Former BNP leader Nick Griffin to emigrate to Hungary 'within six months'
Far-right politician to live abroad despite career-long opposition to immigration.
Nick Griffin, the former leader of the British Nationalist Party, has announced that he intends to move to Hungary "within six months". The far-right politician, who was ousted from the BNP in 2014, said he decided to emigrate to the eastern European country because it has a government that "doesn't want to commit national suicide" which he believes to be "very refreshing from someone coming from the west".
Griffin also praised Hungary for building a border wall to keep out refugees and for providing state help for large Hungarian families.
The move comes as something of a shock given the anti-immigration views formed a major part of Griffin's entire political career.

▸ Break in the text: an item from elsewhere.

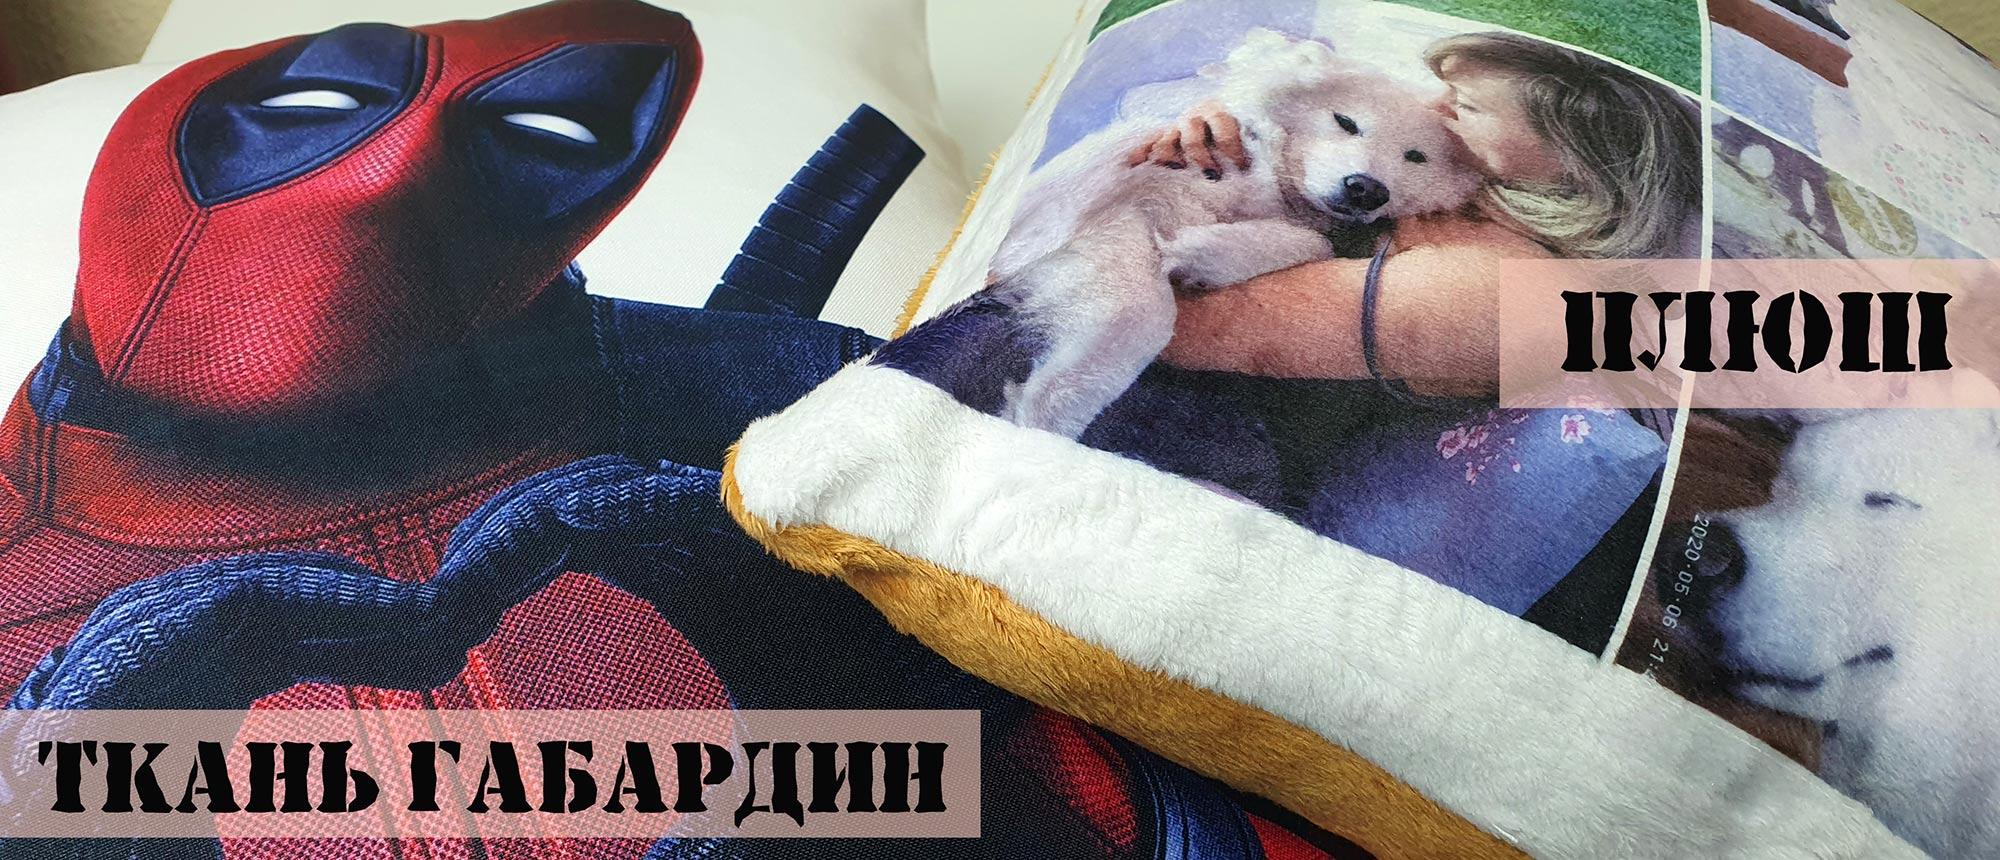 Образец подушки с ткани плюш и габардин

Speaking to Hungarian website 444, Griffin said: "There's already a sort of nationalist emigre community building up here. There's French, there's Italians and Swedes, and Brits as well, so it's only a trickle at present.

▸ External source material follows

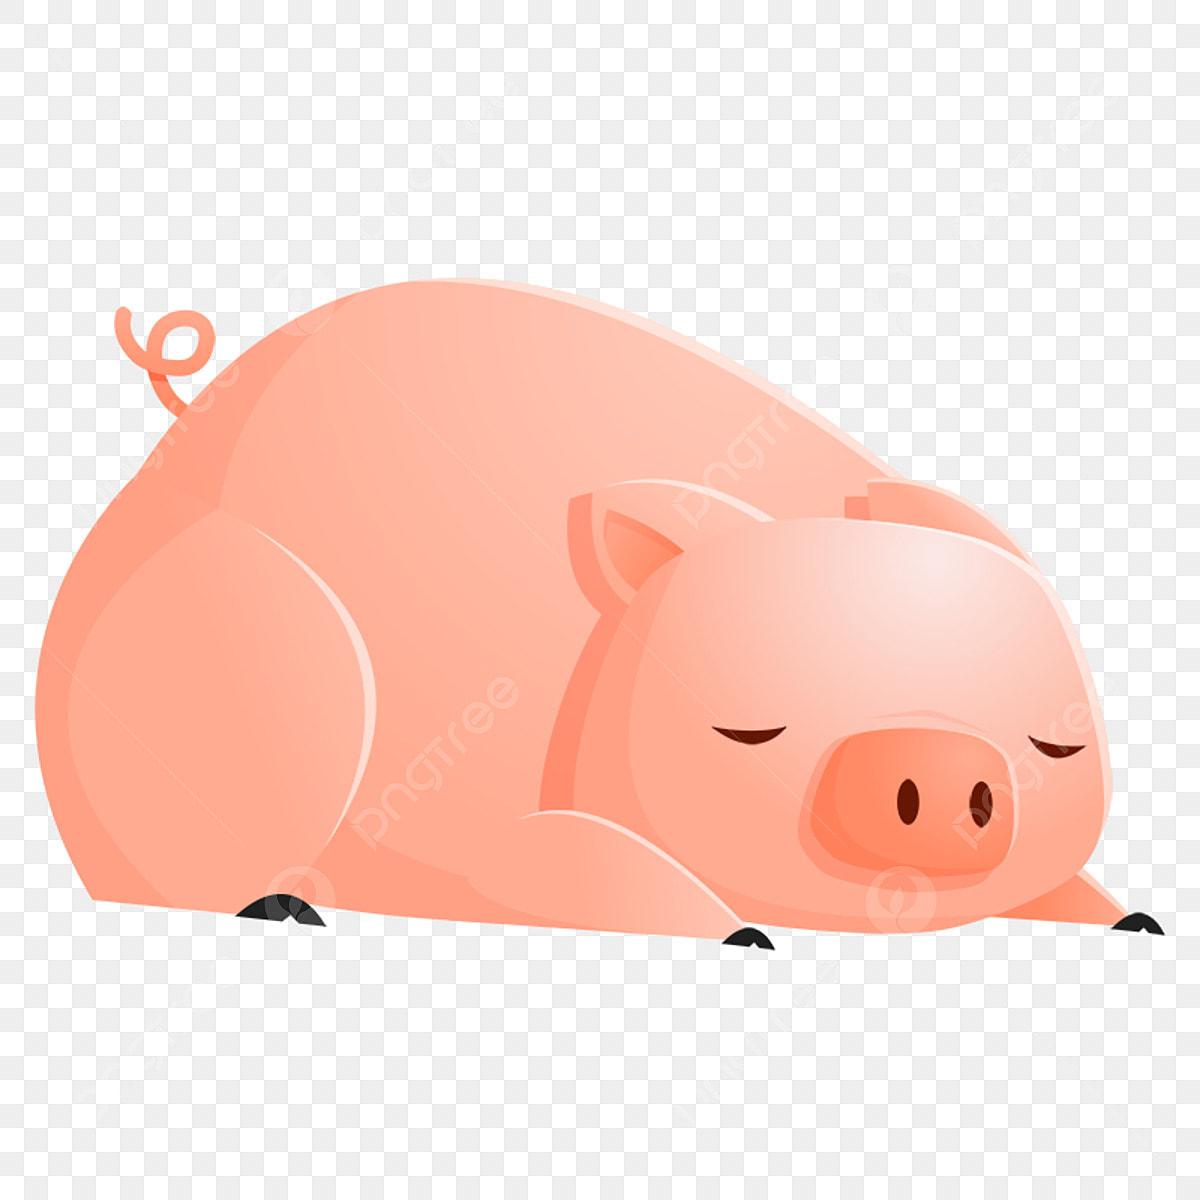 Pig sleeping. Go to bed piggy

"I have no doubt at all that when the trouble really begins with al-Qaeda and Isis in western Europe, that trickle is going to become a flood."
He added: "And I hope that Hungary, the Hungarian government, the Hungarian people, will welcome people who are genuine refugees from western Europe but keep out the liberals who have brought western Europe to this state in the first place."
Griffin said he still intends to keep up with political activism while living in Hungary.
When asked where he intends to live in Hungary, the extreme right-winger said that while Budapest is a "fantastic city" he is a country boy by nature so will "probably live somewhere out in the sticks, as we would say in England".